If you look at the dataframe, we know that on appending to the path, the filepath column. - This is the exact value for get_x method in fastai fn_col = 1 which specifies the column name filepath at position 1. - label or get_y is specified by the column name genre at position 3. - valid_pct (ensure what percentage of data to be used for validation) - y_block=CategoryBlock to ensure it’s used for normal classification only and not multi-label

dls = ImageDataLoaders.from_df(
    df_train,
    path,
    valid_pct=0.2,
    seed=34,
    y_block=CategoryBlock,
    item_tfms=Resize(460),
    batch_tfms=aug_transforms(size=224),
    fn_col=1,
    label_col=3,
)
dls.show_batch()

Training fastai model

I trained using a resnet18 model at first, later we stepped up to use resnet50 model.

learn = vision_learner(dls, resnet50, metrics=error_rate)

learn.lr_find()

SuggestedLRs(valley=0.0008317637839354575)

learn.fine_tune(10, 0.0008317637839354575)
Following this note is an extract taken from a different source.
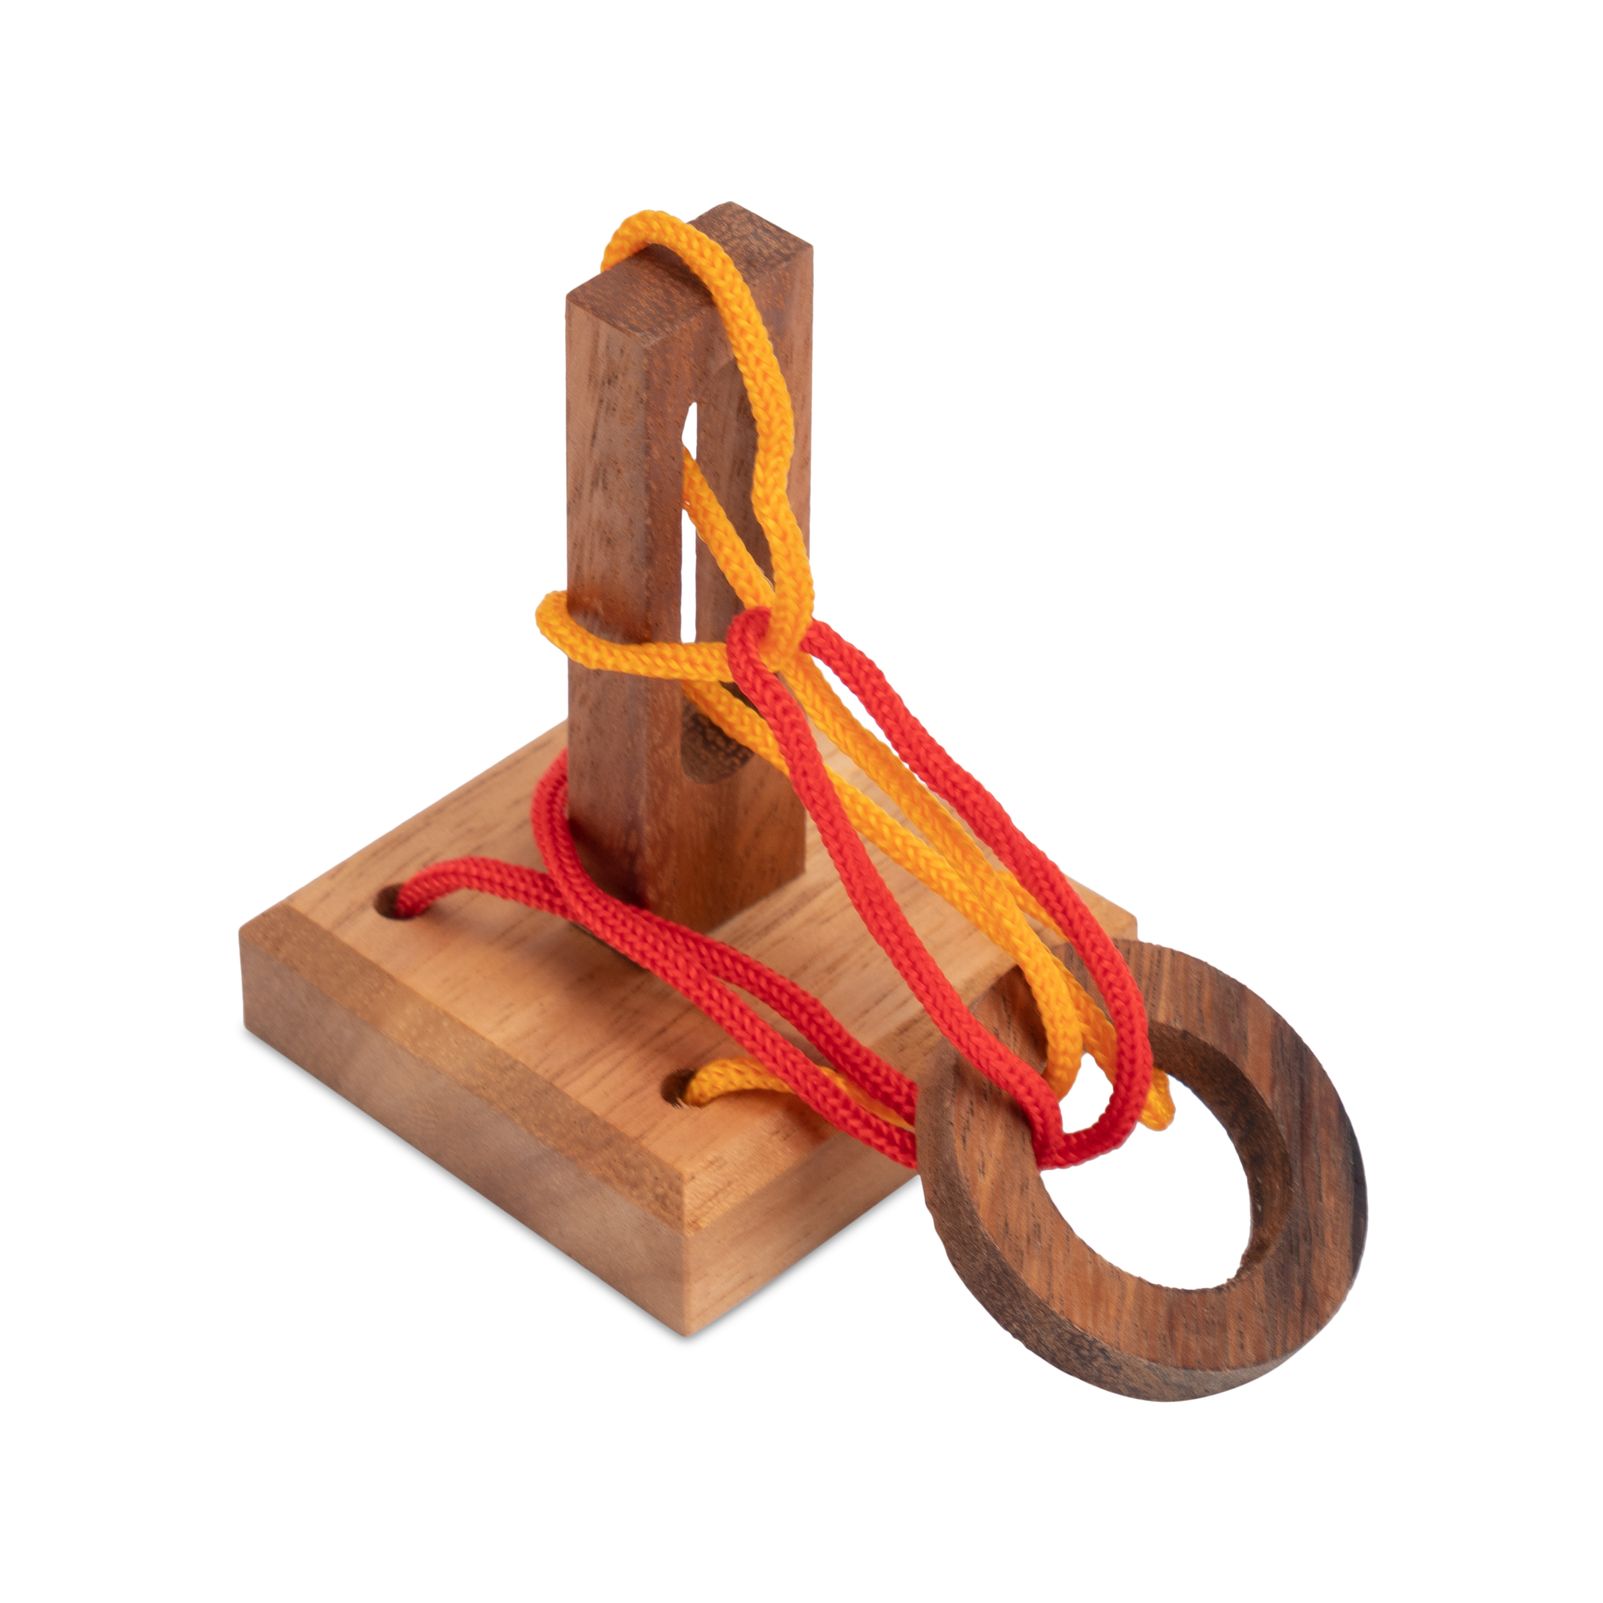 Crazy ring - string puzzle - wooden brainteaser

epoch	train_loss	valid_loss	error_rate	time
0	2.869285	2.171426	0.616428	01:43

epoch	train_loss	valid_loss	error_rate	time
0	2.312176	1.843815	0.558654	02:07
1	2.102361	1.719162	0.539061	02:08
2	1.867139	1.623988	0.527003	02:08
3	1.710557	1.527913	0.507661	02:07
4	1.629478	1.456836	0.479779	02:05
5	1.519305	1.433036	0.474253	02:05
6	1.457465	1.379757	0.464456	02:05
7	1.396283	1.369344	0.457925	02:05
8	1.359388	1.367973	0.453655	02:05
9	1.364363	1.368887	0.456167	02:04

learn.export("model.pkl")

Pushing models to hugging face

huggingface_hub has released two new functions to easily push fastai models to Huggingface Hub.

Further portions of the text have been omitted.